Alcohol and drugs in the health curriculum during a time of high drug use and anti-establishment feelings. Anecdote about talking with a young person who was hitchhiking to town from a mountain commune.

Evolution of the Boulder community from the early 1960s on: lowering of the mean age. Use of drugs increasing. Lack of gang activity.

61:11 IBM: hiring in early 1960s. Allowed Boulder to grow economically.

Boulder as a dry city (no sales of alchohol) in 1960. Description of the few places that had licenses to sell liquor.

66:15 Pat Ryan, superintendent of Boulder Valley School District.

Discussion of the teachers union.

Comments on principals’ evaluation of teachers and the ability to get rid of the few teachers who were not good teachers.

Jobs that he turned down to stay with Boulder Valley School District.

73:26 Talks about his daughters.

Retired from his position of health and physical eduction coordinator in 1982 when subject area coordinators were eliminated in favor of two or three curriculum specialists.

Moved to Boulder High School to teach health education.
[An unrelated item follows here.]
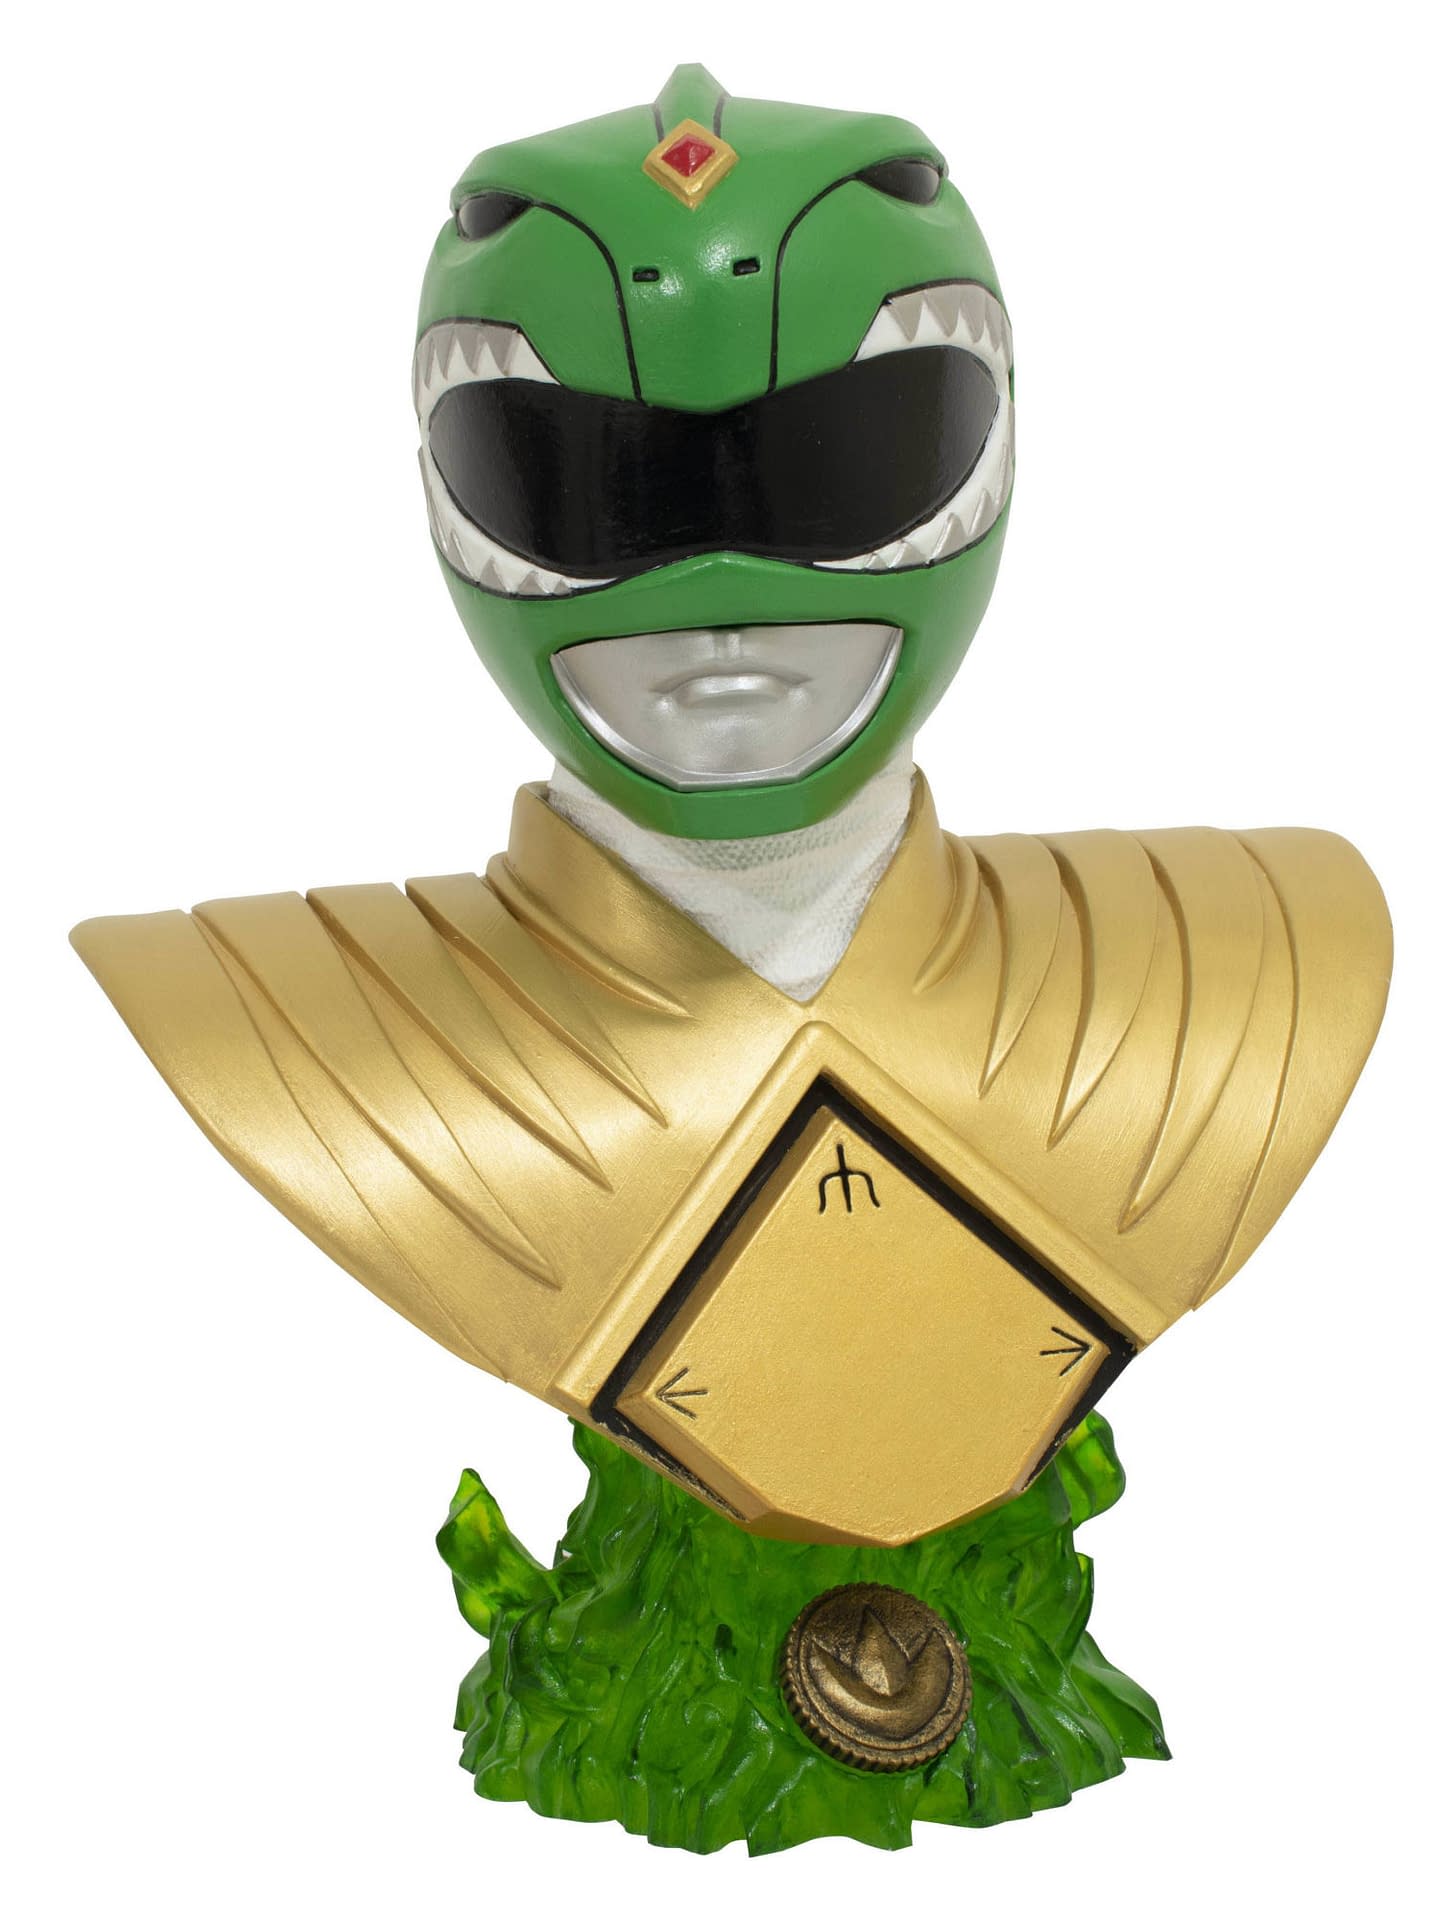 Power Rangers Green Rangers Gets Exclusive Bust from Gentle Giant 
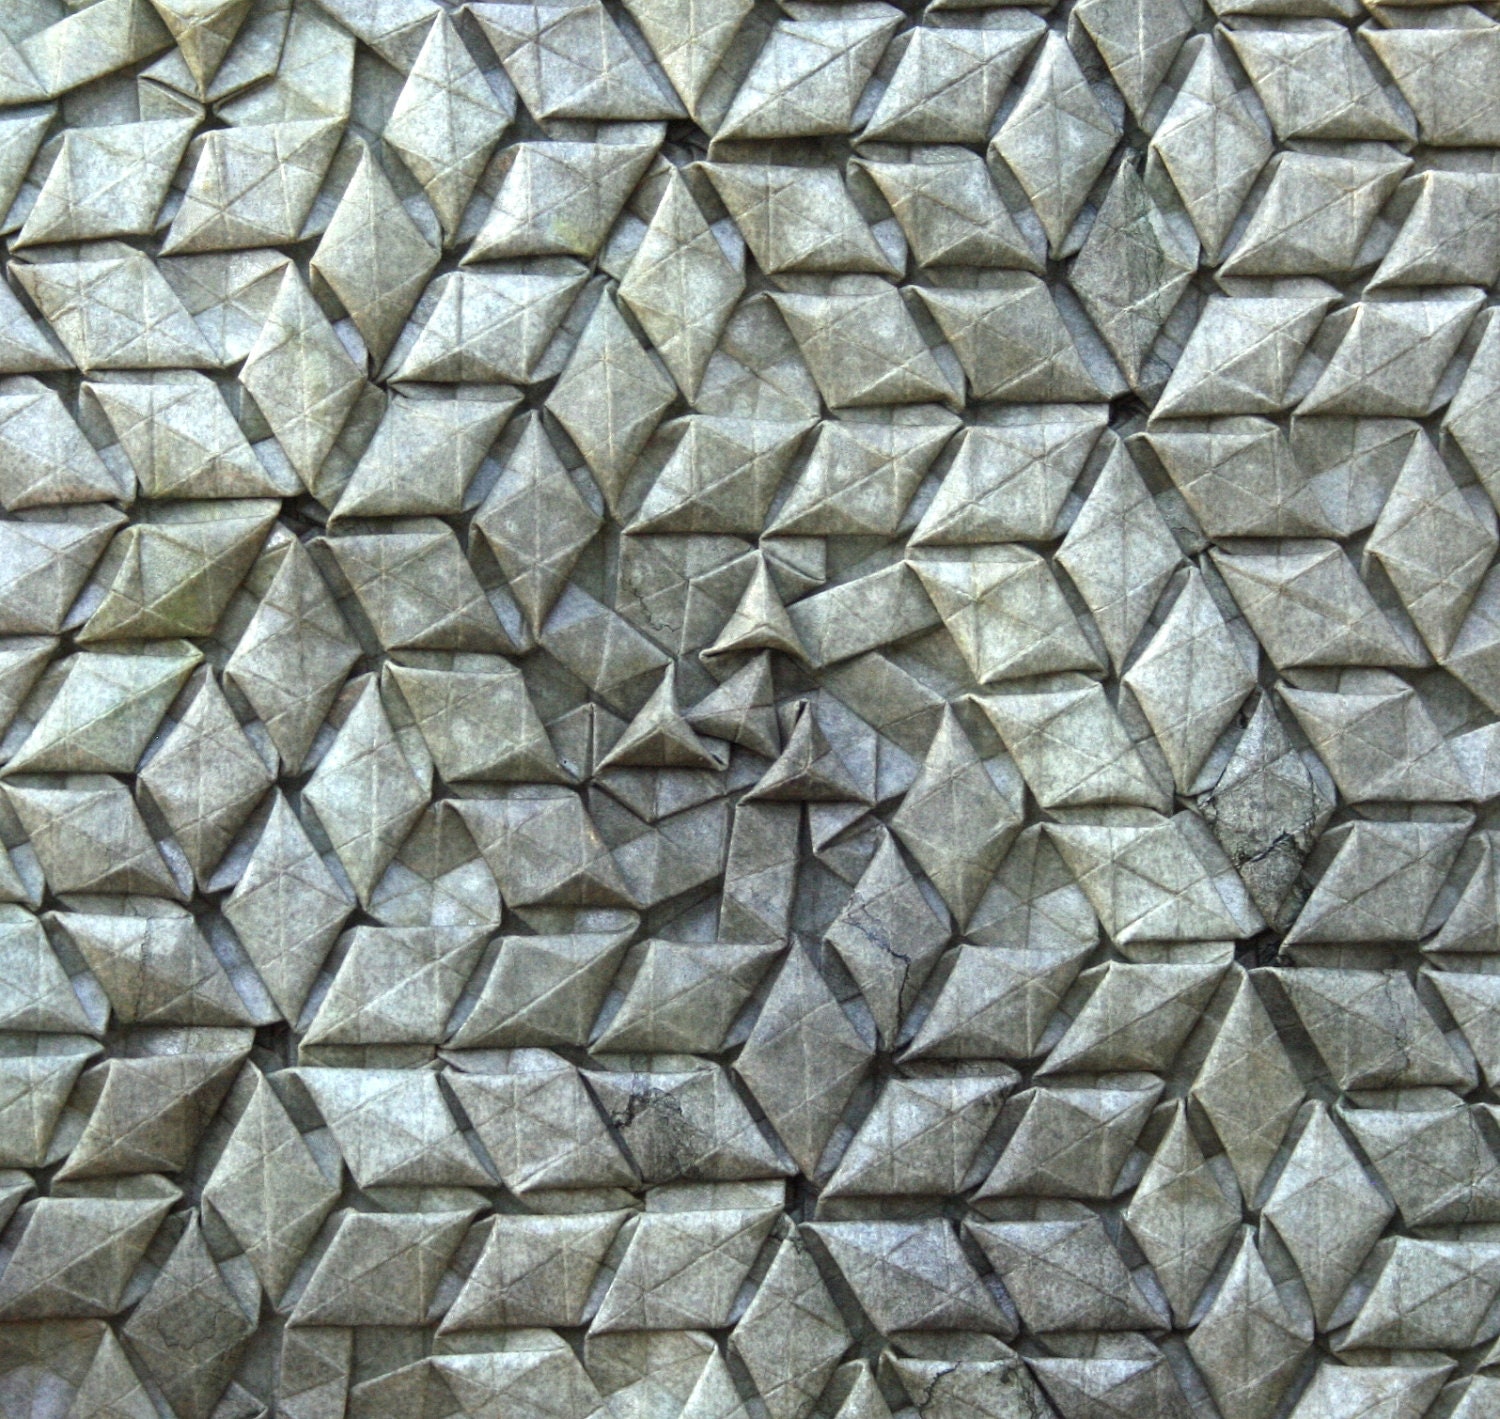 Strange symmetry - complex origami tessellation

Numbers of students in his classes dropped as word got around that he was a tough teacher who ran the health classes as academic classes, with term papers. Describes discussions with students.

Last six years of teaching, taught special ed physical education in elementary schools. Talks about working with students with severe cerebral palsy.

80:17 Inivites interested listeners to contact him if they would like to know more. (Lives in Erie and is in the phone book.)